Environment group condemns EU 'greenwashing' of CAP reform
EU member states must 'steer choices' in right direction to ensure 'quality products' and a 'healthy environment', argues Faustine Defossez.
At the beginning of the common agricultural policy (CAP) reform process the European commission put the environment at the heart of the debate. Agriculture and the environment are inextricably interlinked, and without healthy soil, clean water and biodiversity, our capacity to produce food is threatened. It was, therefore, key to address the decline of the natural resources that farming depends on.
This decision to link payments and good agronomic practices was welcomed, especially when we think that under the current policy regime, we are asked to pay three times for the food - first to buy it, then for the subsidies, third for repairing damages done to nature.
But if the European commission’s proposal sewed some green shoots of hope, they were quickly cut down when the European parliament and council entered into the co-decision process and the 'greenwashing' started.
"In the name of simplicity and flexibility members of the European parliament and member state governments together managed to produce an ineffective policy that is green only on the surface"
In the name of simplicity and flexibility, members of the European parliament and member state governments together managed to produce an ineffective policy that is green only on the surface. Trying to exempt as many farmers as possible from the most basic agronomic practices, they diluted the content of the greening measures and added dozens of grounds for exemption to already very weak rules.
As scientists recently confirmed, "The EU has lost an opportunity to design better guidelines to improve agricultural sustainability”. According to them at least 88 per cent of EU farmers and about half of the farmed land will be exempted from the flagship measure of the reform.
The rules (set by the commission) for implementing the CAP have only compounded this. The delegated acts diminish what remained of the green content of the reform. For example, the commission decided to allow the use of pesticides and fertilisers on crops used in ’ecological focus areas’ (EFAs). A contradiction if ever there was one. On top of that the commission decided to further weaken these rules by releasing a declaration amending the delegated acts which they had already sent to the parliament and council - wiping out what was left of the EFAs.
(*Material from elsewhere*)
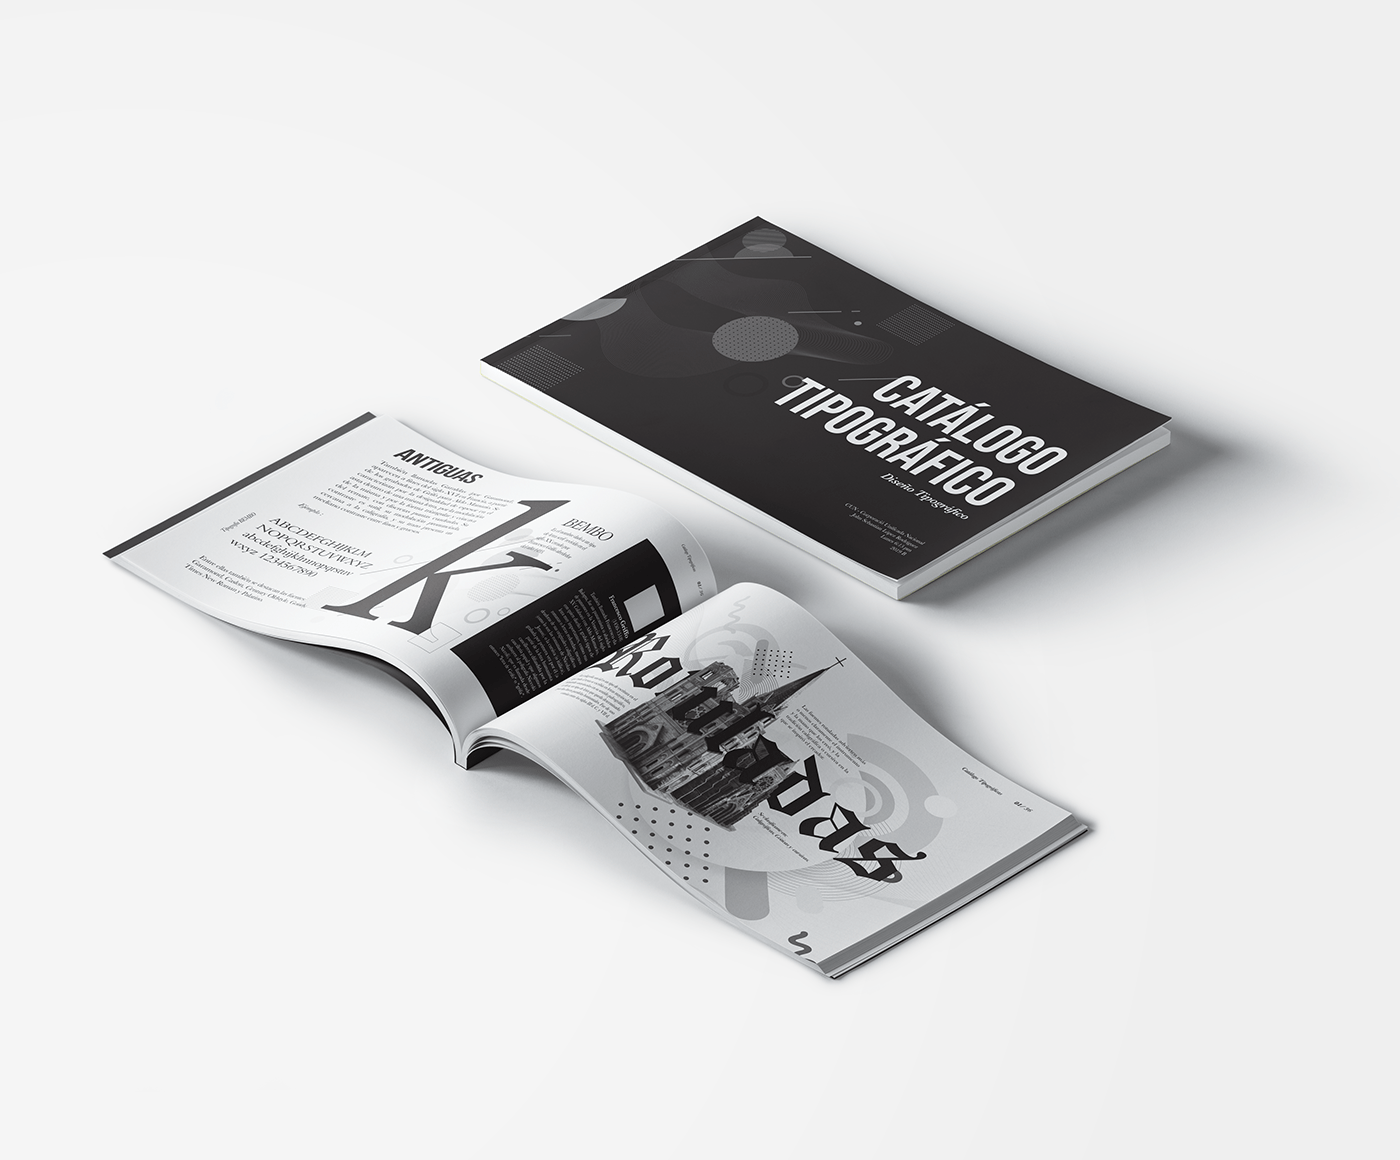 Diseño editorial Johnse rodriguez catalogo johnse Catálogo tipográfico

It is clear and confirmed by scientists that green hope in the EU texts has vanished. However, member states still have lots of flexibility in the choices they make vis-à-vis greening, and depending on the choices made, there is still a possibility that this flexibility can revive some environmentally practices.
"Member states carry a heavy responsibility in this as they will be the ones responsible for the crucial choices"
Member states carry a heavy responsibility in this as they will be the ones responsible for the crucial choices. Yet again we are worried to see that some of them are already using this flexibility to make things even worse. Countries like France will give a ‘green’ payment to maize monoculture by using an ‘equivalent’ trick to crop diversification. They should remember that the primary objective of this reform was the sustainable management of natural resources and climate action and adapt their plan before sending their final version to the commission on 1 August 2014.
Member states must make their decisions about the greening in pillar one, but also in rural development and cross compliance. We hope that they will steer their choices in the right direction and consider the environment and people first, ensuring that in exchange for the €58bn spent annually they get quality products and a healthy environment.